According to Tomas Bergström, the British mutation would have to spread much more if it were really more contagious. Something that remains to be shown. Instead, it is seen how those infected are young, up to 20 years old, in the southeast of England. But if infectivity is really general, it should apply to all ages. However, there is a possibility that the infection appears for the first time in the younger age groups, says Tomas Bergström.

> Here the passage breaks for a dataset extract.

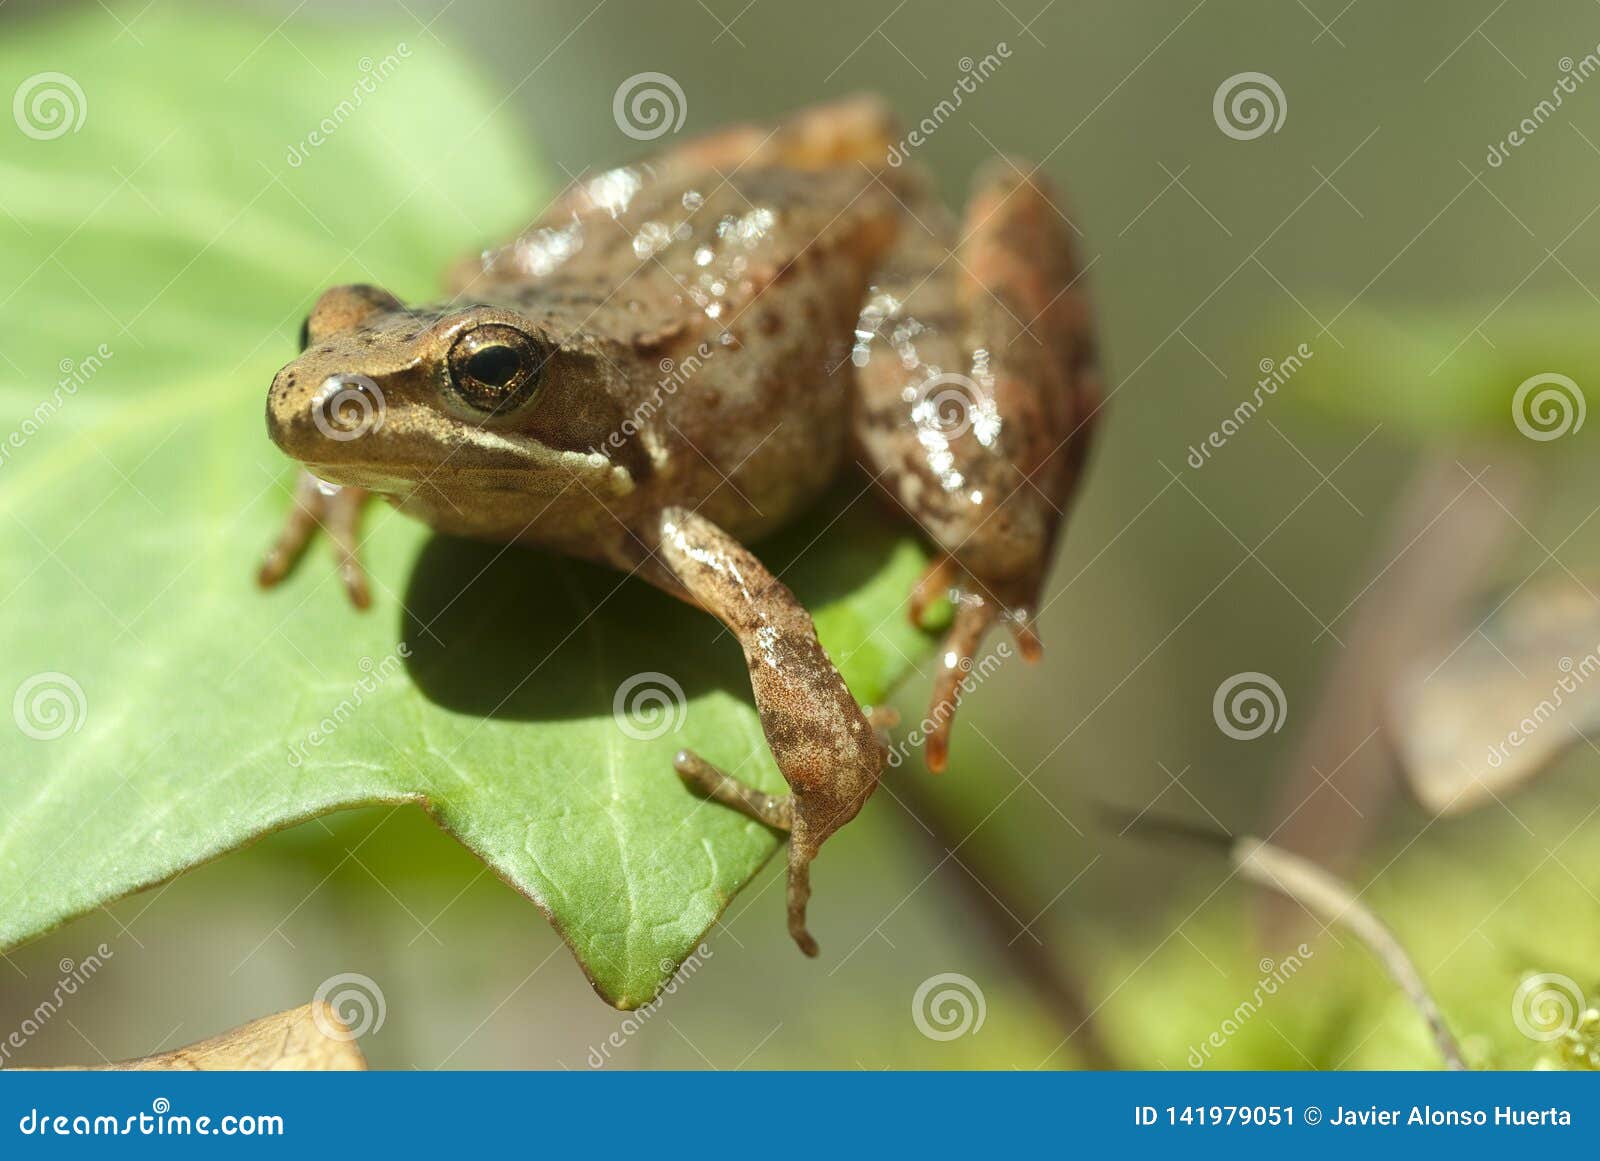 利比亚青蛙蛙属iberica腿长的青蛙库存图片 图片包括有利比亚青蛙蛙属iberica腿长的青蛙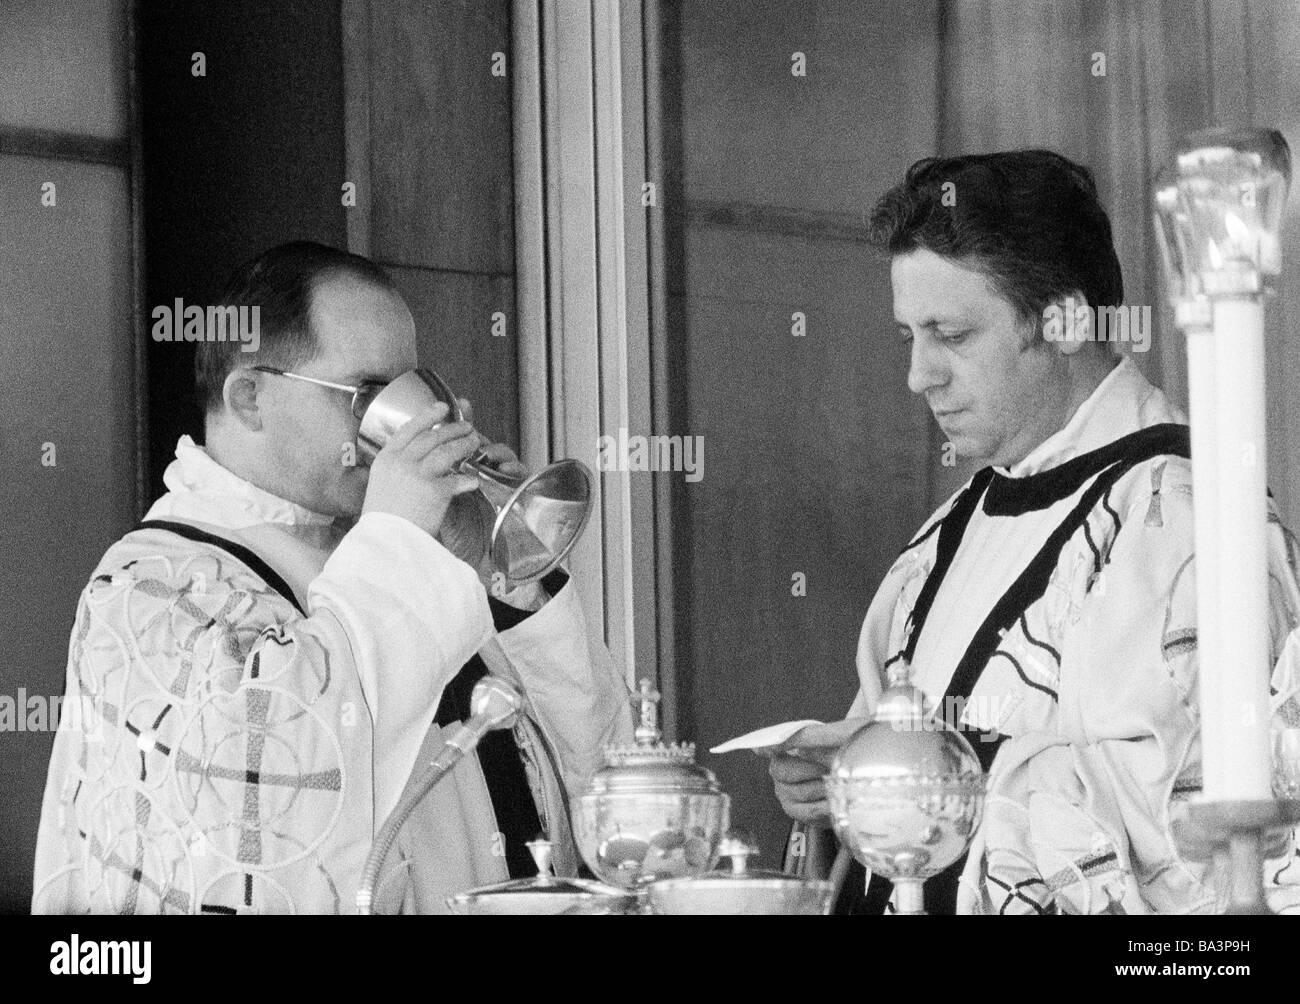 Negli anni settanta, foto in bianco e nero, la religione, il cristianesimo, Santa Messa, eucaristia, accolito beve vino al di fuori della comunione cup, a parte il sacerdote, di età compresa tra 40 a 50 anni Foto Stock

Information also arrived on Monday that the South African mutation would also be more difficult to protect against the vaccine.

“In theory, it is a reasonable concern that the South African variant may be more resistant,” Professor Shabir Madhi told the BBC.

Something that Tomas Bergström has yet to see any evidence for:

– That claim is not supported yet, but I think it will work with vaccination, says Tomas Bergström.

According to Tomas Bergström, it may be enough that we have a virus, sars-cov2, which thrives very well during the winter months and can be transmitted through the air and get an extra boost during Christmas shopping to explain the increasing spread and that more people are infected:

– No new variants are needed to explain this spread.

Now Tomas Bergström waits that there is data from cultures in cell cultures that can show how virus variants multiply there. But so far, all reports of the virus are based on epidemiological studies, which are not supported by experimental or laboratory experiments.

– We have measles, mumps and rubella, fifty-year-old viruses, where the vaccine still works well, despite the fact that all three change much more than the coronavirus.